Sunday, September 12, 2010

Barack Obama is running a "WALL STREET MAFIA" presidency -'s front page, above-fold  headline link from September 9th says it all: 
 Barack Obama, FAR from delivering the "Change!" he pledged and PROMISED to American voters in every waking moment of his 2008 presidential campaign, is instead delivering MORE of the very GODDAMN-SACHS economic extortion and financial larceny  that landed America in the Bush-Cheney economic recession of 2008 in the first place.
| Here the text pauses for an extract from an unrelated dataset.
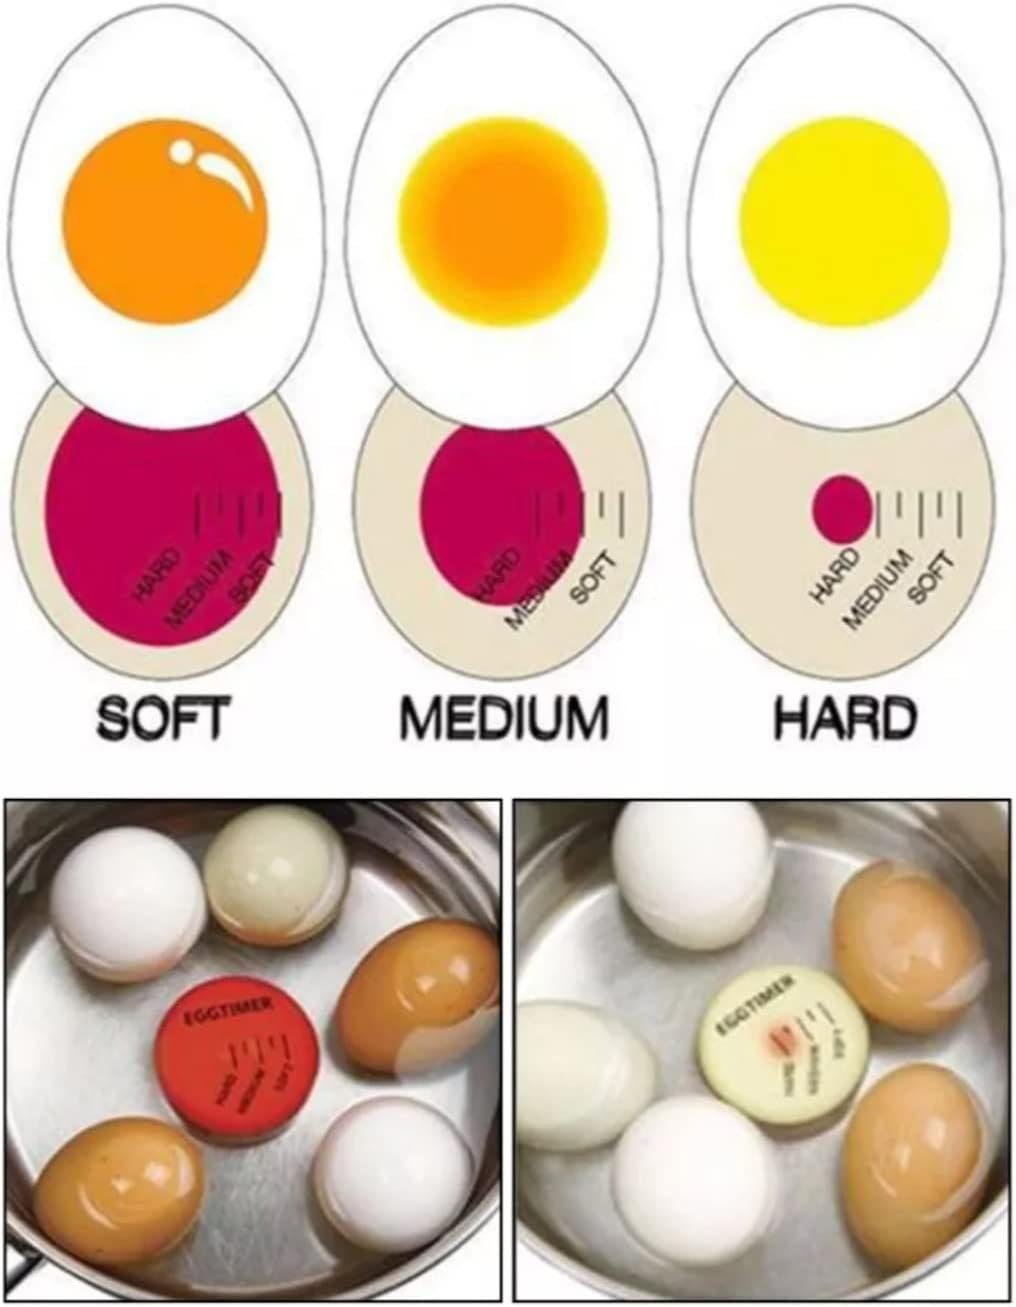 Eier, lustiger Timer für Anzeige mit Eieruhr Rot gekochte Farbwechsel, Eieruhr,Egg hart/medium/weich,wiederverwendbar autolock Eierkocher,Timer

 (Bush's third and last Treasury Secretary, Hank Paulson, had of course been a CHAIRMAN and career partner of Goddamn-Sachs, before Paulson became Bush's Treasury Secretary in 2006.  So-called "Democrat"  Treasury Secretary Robert Rubin, named in the Buzzflash link to a Bloomberg article on the SEC investigation of CitiBank's fraudulent financial disclosure, had also been a GS Chairman before President Clinton selected Rubin to be Treasury Secretary from 1995 to 1999.)
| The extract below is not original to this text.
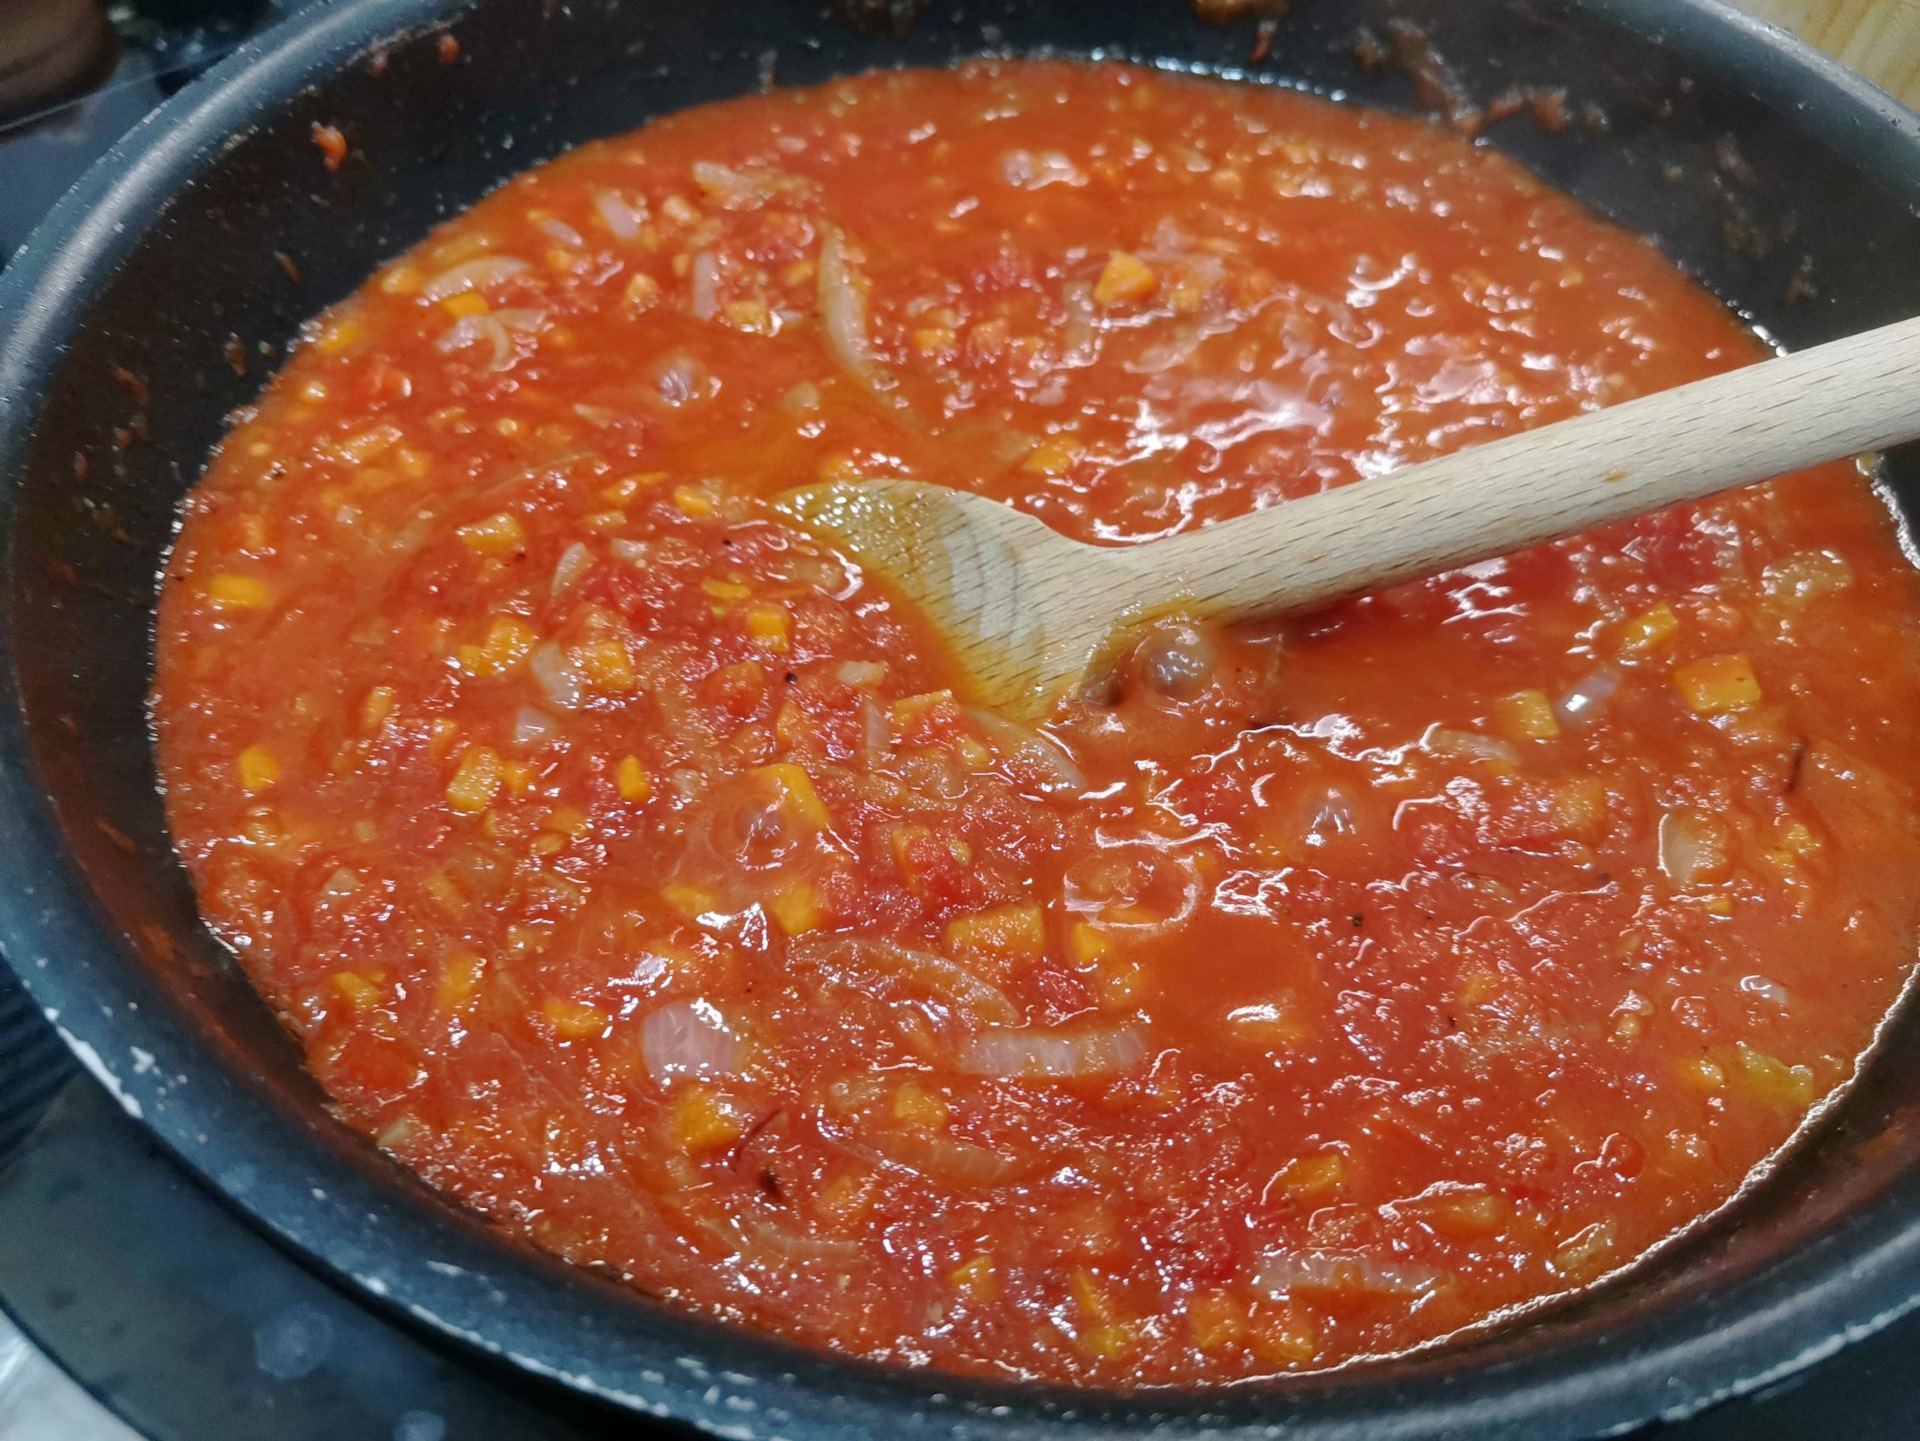 Лосось в томатном соусе консервы рецепт

Meanwhile, over at, Max Keiser and his co-host Stacy Herbert explain that Obama is pushing the IDENTICAL,     WAR PROFITTEERING policies on America and the world, that Bush & Cheney did -  America is now in the GLOBAL FINANCIAL EXTORTION business, using the "war on terror" as cover, for America's ruthless worldwide imperialism, military intimidation (applied terrorism),   and the Goddamn-Sachs, JP Morgan, (& etc.) funded 'major media' propaganda and bribery of Congress that enables the relentlessly expanding,  SOCIALIZED  war & intel apparatus.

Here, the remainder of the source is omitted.